*** Opening Data records ***

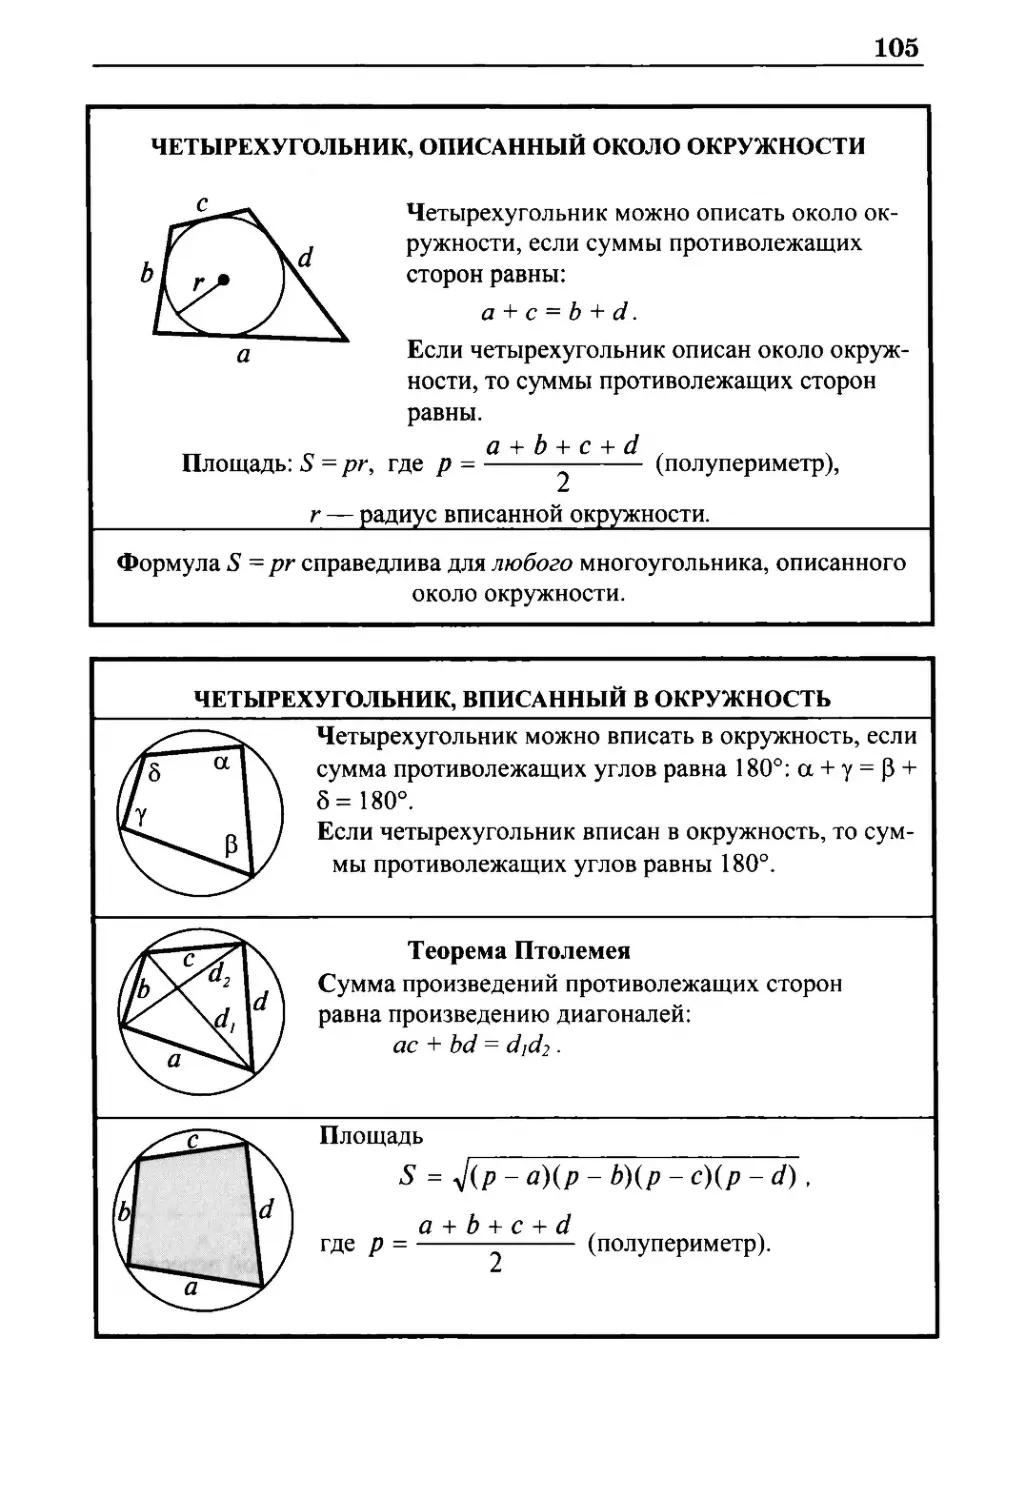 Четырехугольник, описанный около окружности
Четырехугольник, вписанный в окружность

*** Closing Data records ***
*** Opening Data records ***

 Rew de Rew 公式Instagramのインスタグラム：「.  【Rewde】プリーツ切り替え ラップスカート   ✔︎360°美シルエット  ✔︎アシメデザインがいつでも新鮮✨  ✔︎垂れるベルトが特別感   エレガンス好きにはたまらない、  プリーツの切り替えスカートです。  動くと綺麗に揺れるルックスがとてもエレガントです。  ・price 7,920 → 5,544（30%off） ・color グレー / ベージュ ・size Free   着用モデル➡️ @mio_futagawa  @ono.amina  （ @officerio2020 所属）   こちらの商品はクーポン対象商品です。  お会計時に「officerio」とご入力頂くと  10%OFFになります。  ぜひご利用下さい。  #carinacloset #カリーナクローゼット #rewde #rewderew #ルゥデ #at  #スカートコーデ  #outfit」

*** Closing Data records ***

Required work
Above are some records. Output exactly the lines from the one that contains "Четырехугольник, описанный около окружности" to the one that contains "Четырехугольник, вписанный в окружность", keeping both, and omit the pictures.

Exercise solution
 Четырехугольник, описанный около окружности
Четырехугольник, вписанный в окружность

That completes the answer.